Um galho

— Filho, por que você fez isso?

— Porque pensei que não iria bem.

— Mas você não estudou?

— Estudei.

— Pois então?

— Mas tem um menino na minha sala que não estuda, só cola e consegue passar com nota boa.

— E você acha isso certo? — O menino abriu a boca para responder, mas sua mãe não o deixou. — Se ele continuar assim, no futuro terá problemas, e se você seguir esse caminho, também terá.

— Eu sei.

— Então por que colou? — O garoto ficou em silêncio. — Já conversei com a sua professora, e ela disse que, pelas suas respostas, dá para perceber que você respondeu mais da metade da prova e copiou o resto. Ao que parece, levando em conta só as questões que você respondeu, sua nota seria seis, o que é suficiente para passar.

— Mas mãe…

— Nada de “mas”. Sua professora disse que manterá a nota seis, mas só porque você sempre foi um bom aluno, nunca aprontou ou atrapalhou a aula e normalmente sempre estuda. Eu não sei se fico feliz com isso ou mais chateada ainda por você ter resolvido colar. O que eu quero que você faça é se desculpar com a sua professora e entregar o bilhete que vou escrever. Você também ficará um mês sem computador, celular, videogame e o que mais eu pensar.

— Mas mãe…

— Nada de “mas”, isso é o mínimo. — A mãe escreveu a carta, dobrou-a e, na parte da frente, assinou com o seu nome, Tereza do Mar e Silva. — Pronto.
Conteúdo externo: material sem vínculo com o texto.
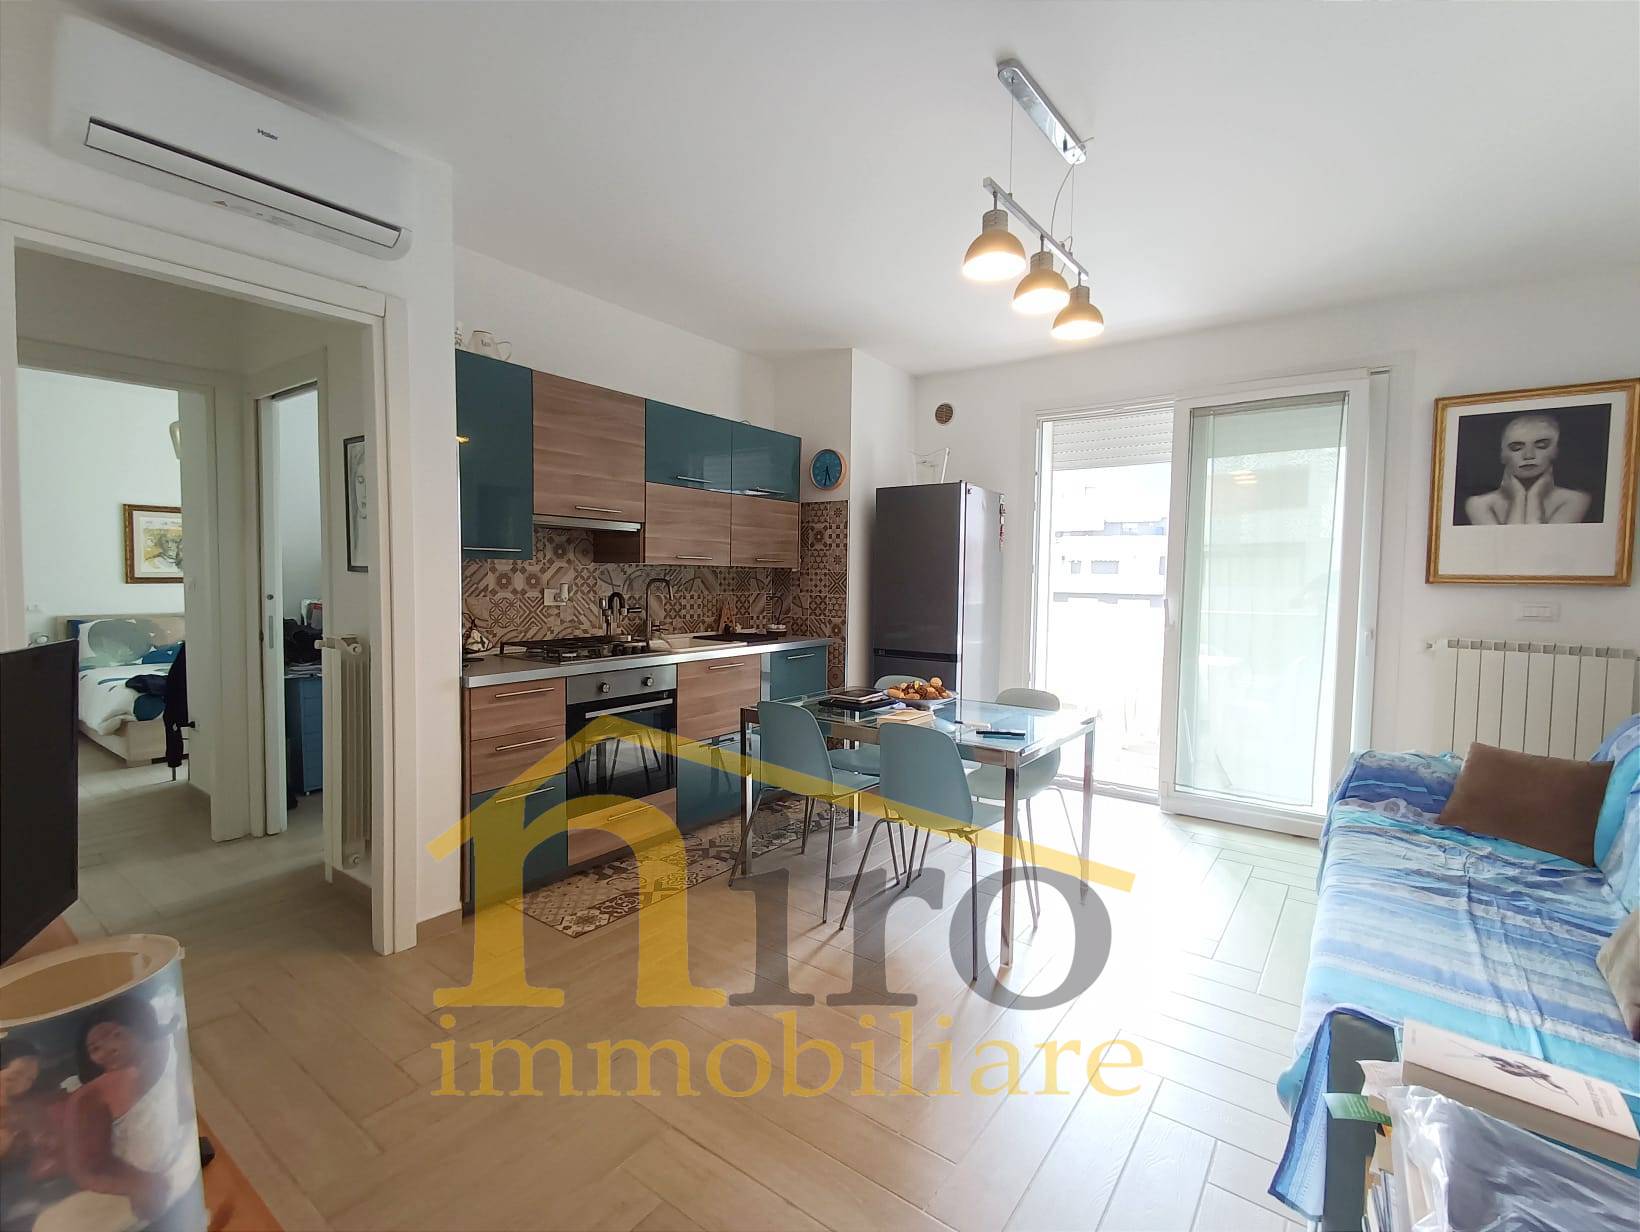 Appartamento in vendita a Francavilla al Mare, 3 locali, prezzo € 160.000 | PortaleAgenzieImmobiliari.it

Continue nesse caminho e você não será nada.

— Mas mãe, eu pensei que não me sairia bem.

— Não importa, se mesmo estudando você se saísse mal, não teria problema, pois eu vejo que você estuda, você só precisa se esforçar mais.

— Mas e o menino na minha sala que não faz nada?

— Ele não será nada, não ajudará ninguém, será apenas um peso para todos. Você quer ser assim? Um peso para todos?

— Não.

— Você não sente orgulho das coisas que consegue fazer?

— Orgulho?

— É. Você não fica feliz quando tenta fazer algo e consegue?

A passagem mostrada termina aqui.